1.) For autistic disorder, all of the following:

  • Deficits in social interaction
  • Deficits in verbal and nonverbal communication and in imaginative activity
  • Restricted list of activities and interests


2.) For other pervasive developmental disorders, all of the following:

  • Deficits in social interaction
  • Deficits in verbal and nonverbal communication and in imaginative activity

Requirement B

At least two of the following:

  • Severe difficulties in maintaining social functioning
  • Severe difficulties with focusing or concentrating
  • Significant limitations in the ability to engage in activities of daily living
  • Repeated episodes of decompensation of extended length


The Six Domains of Functioning

When a child’s autism disorder doesn’t meet the requirements listed above, the child may still qualify if their disorder is equivalent to the listing through the domains of functioning. There are six domains of functioning the SSA evaluates when determining if a child’s condition is equal to the listings. For a child to be considered disabled, there must be medical evidence showing that the child has severe limitations in two domains or an extreme limitation in one domain.

The six domains include:

  • Ability to acquire and use information
  • Ability to attend and complete tasks
  • Ability to interact and relate to others
  • Ability to move around and manipulate objects
  • Ability to care for one’s self
  • Child’s health and physical well-being

The SSA will determine how a child functions in each domain by reviewing all medical evidence and opinions provided by medical professionals.

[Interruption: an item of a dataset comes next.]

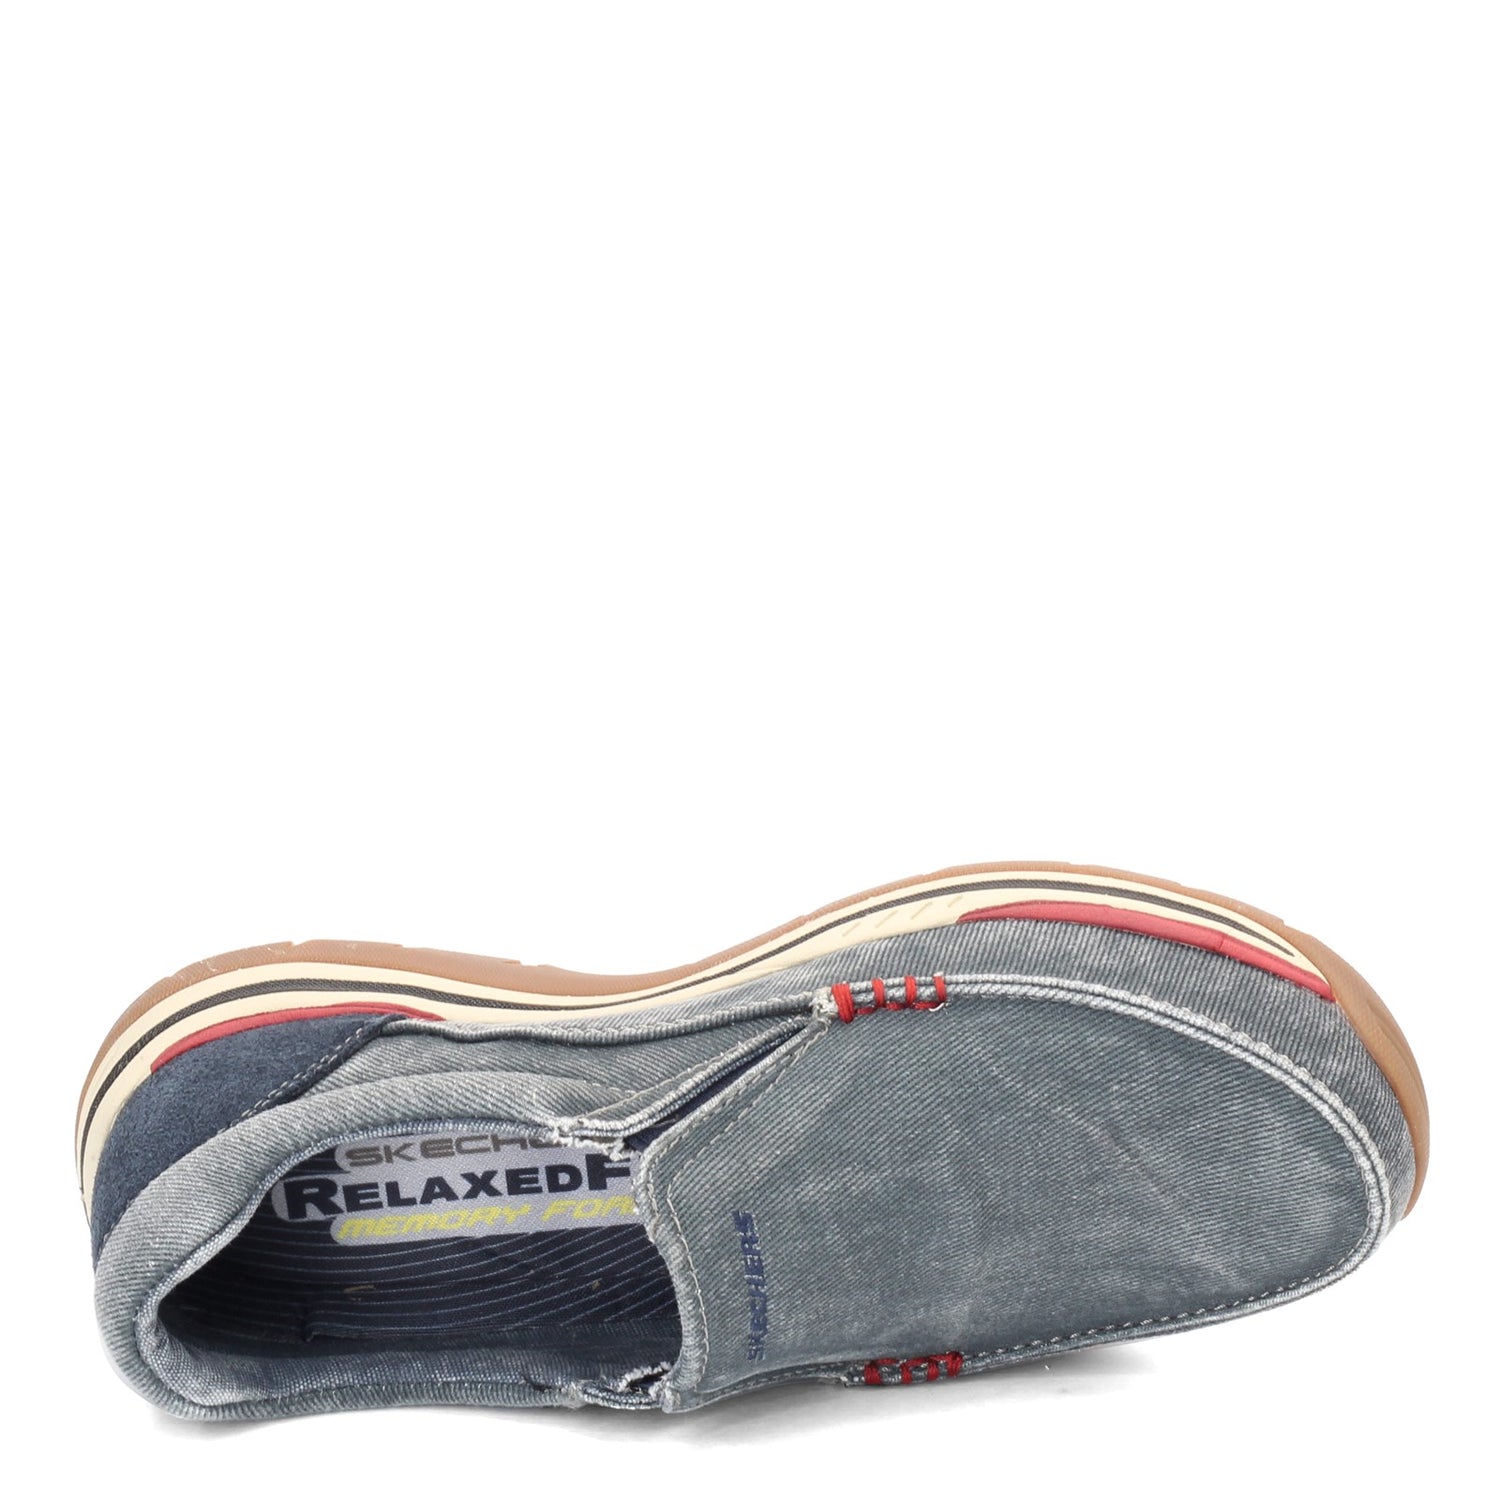 Peltz Shoes  Men's Skechers Relaxed Fit: Expected - Avillo Slip-On NAVY 64109-NVY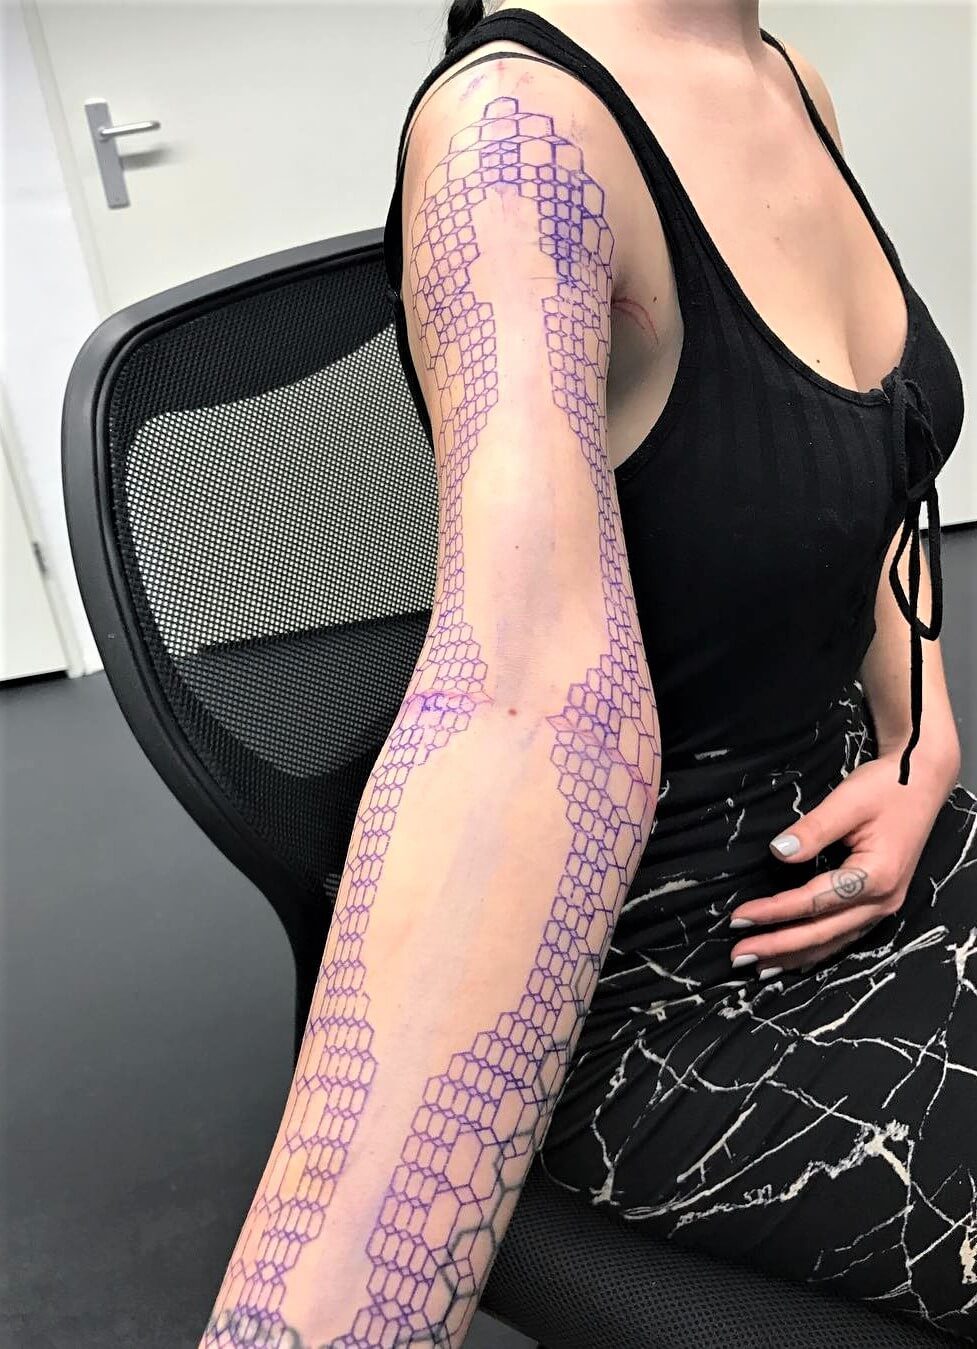 Geometric sleeve tattoo patterns

A marked limitation means the child’s condition is severe enough to interfere with their ability to function properly within the given domain. An extreme limitation means the child’s condition is so severe that they have a complete loss of the ability to function within the given domain.

Medical-Vocational Allowance

When an adult with autism does meet the requirements listed in section 12.10 of the Blue Book, he or she can still qualify through medical-vocational allowance. In other words, an applicant needs to be able to show through medical evidence that their condition is serious enough to prevent them from working unskilled jobs. An unskilled job includes any work that requires little to no training or education to perform. If an applicant is successful at proving their inability to perform unskilled work, the Social Security Administration will award the individual disability benefits as long as they technically qualify.